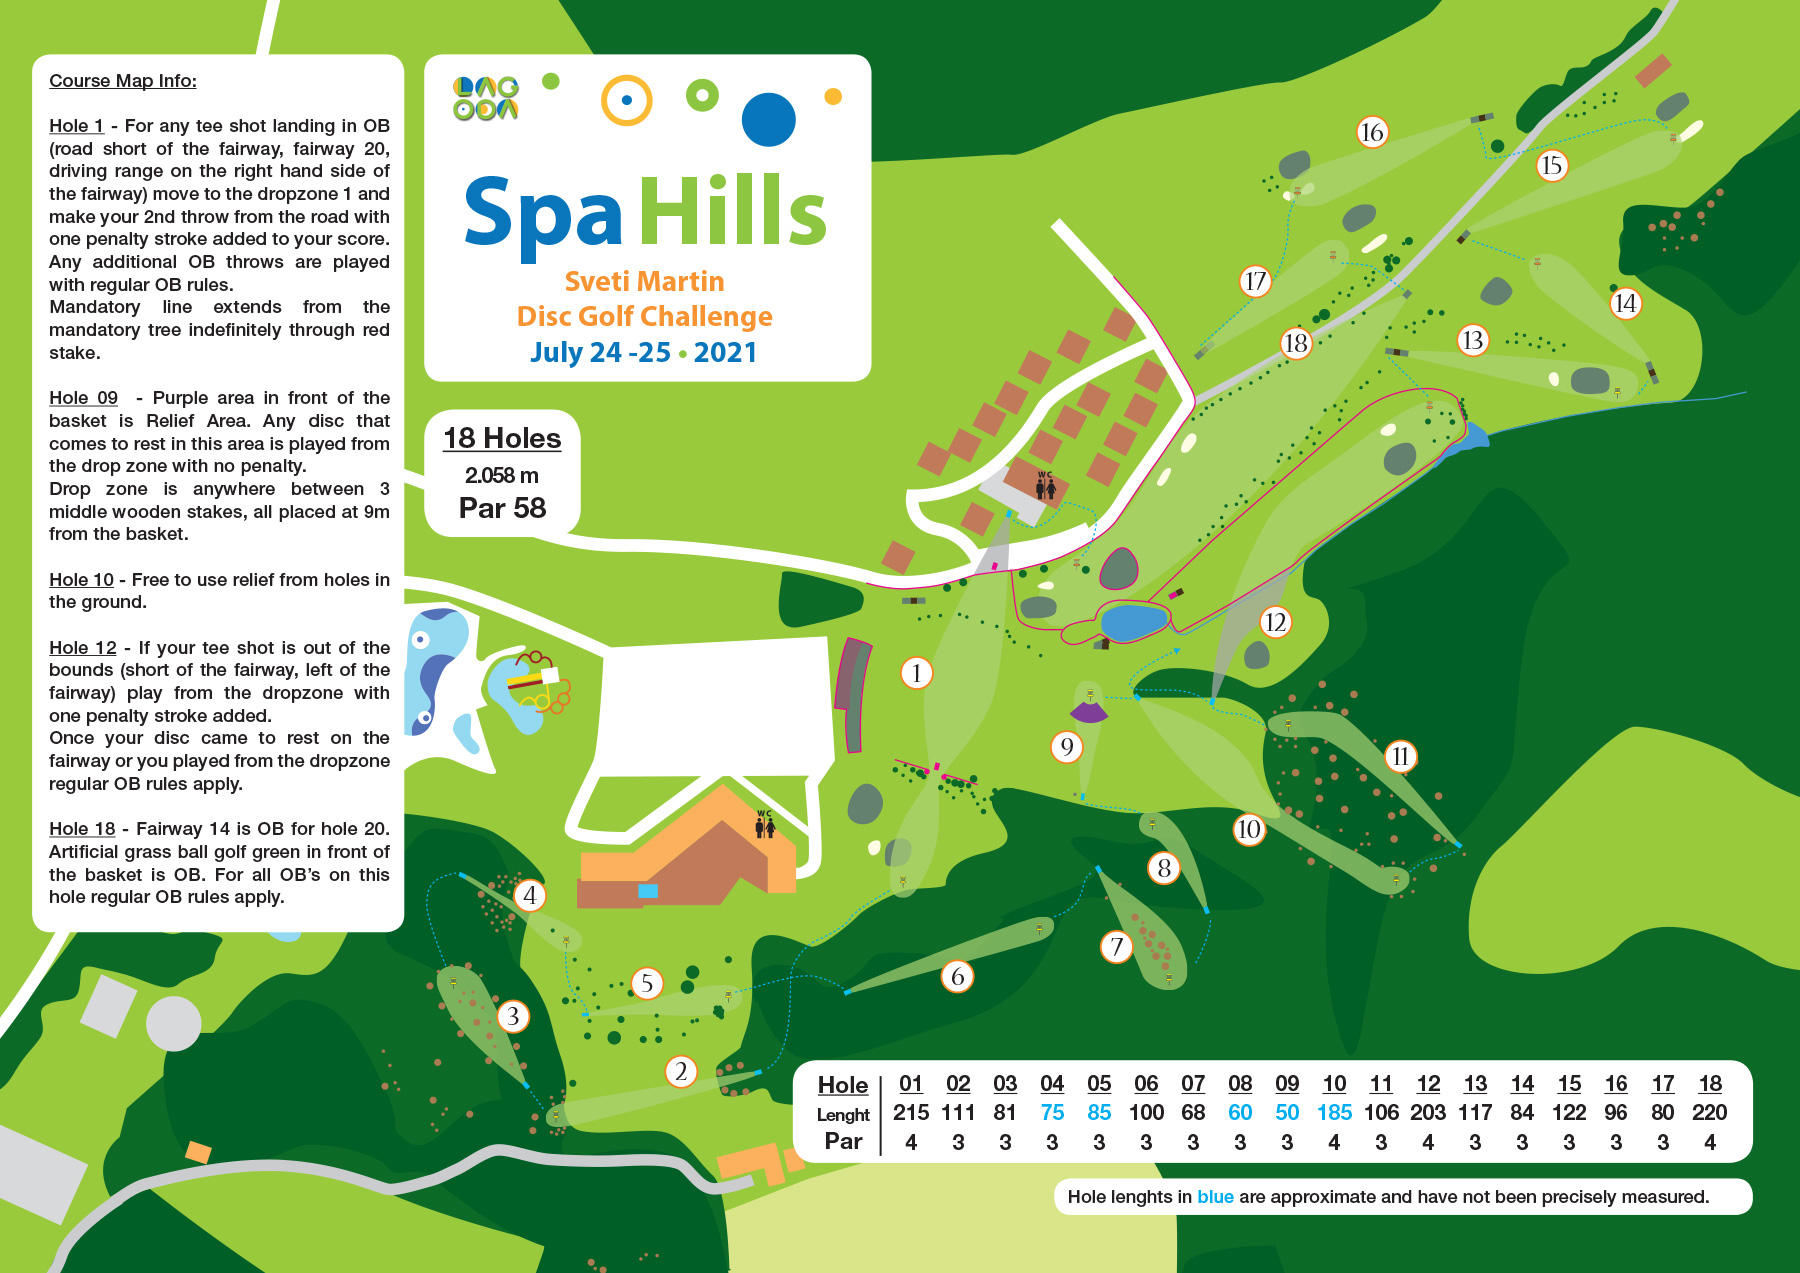 Spa Hills 2021 course map
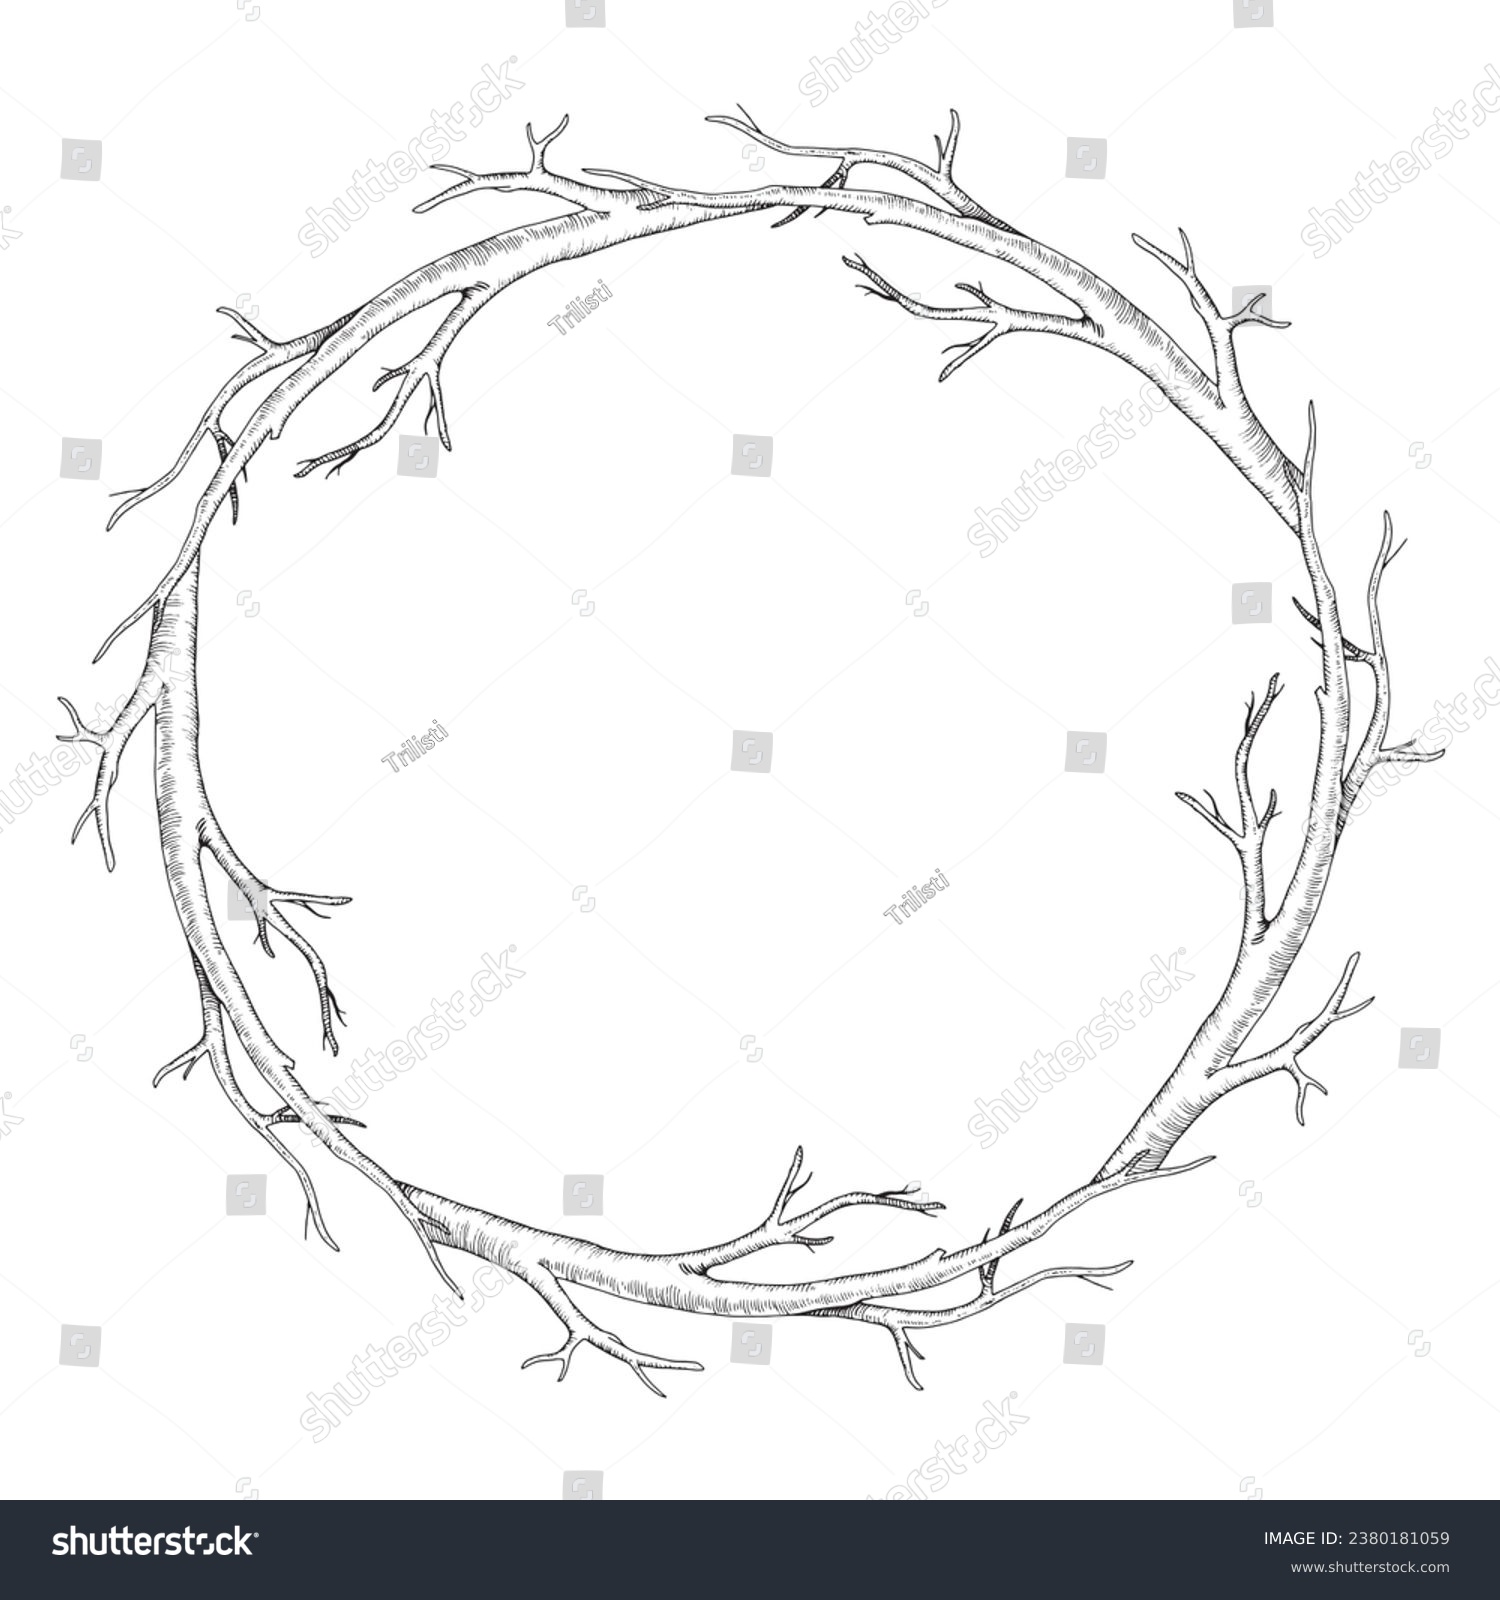 SVG of Branch tree wreath. Vector illustration of dry leaf less twig. Hand drawn graphic clipart on isolated background. Linear drawing of round frame border. Outline sketch of stick. Black contour line art svg
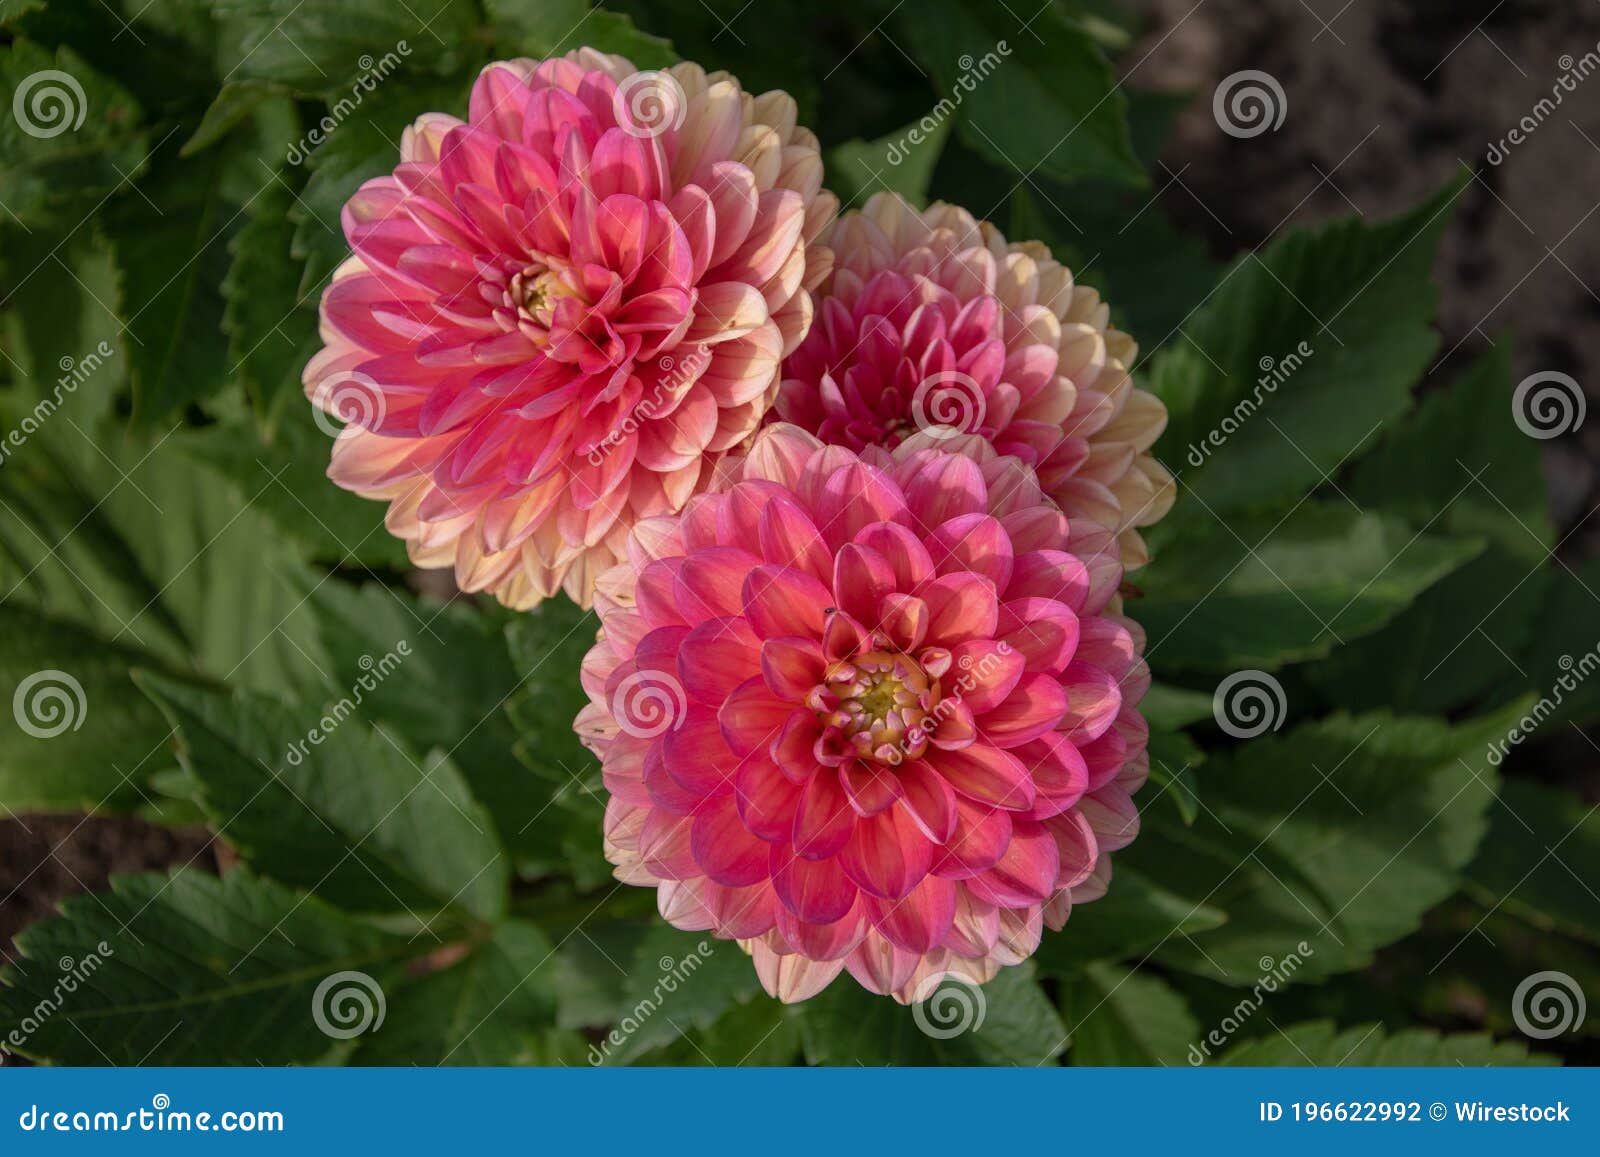 closeup of dahlia melody pink allegro flowers

- What is needed -
Reproduce the listing above exactly, excluding all pictures.

- Response to the task -
 Spa Hills 2021 course map
 SVG of Branch tree wreath. Vector illustration of dry leaf less twig. Hand drawn graphic clipart on isolated background. Linear drawing of round frame border. Outline sketch of stick. Black contour line art svg
 closeup of dahlia melody pink allegro flowers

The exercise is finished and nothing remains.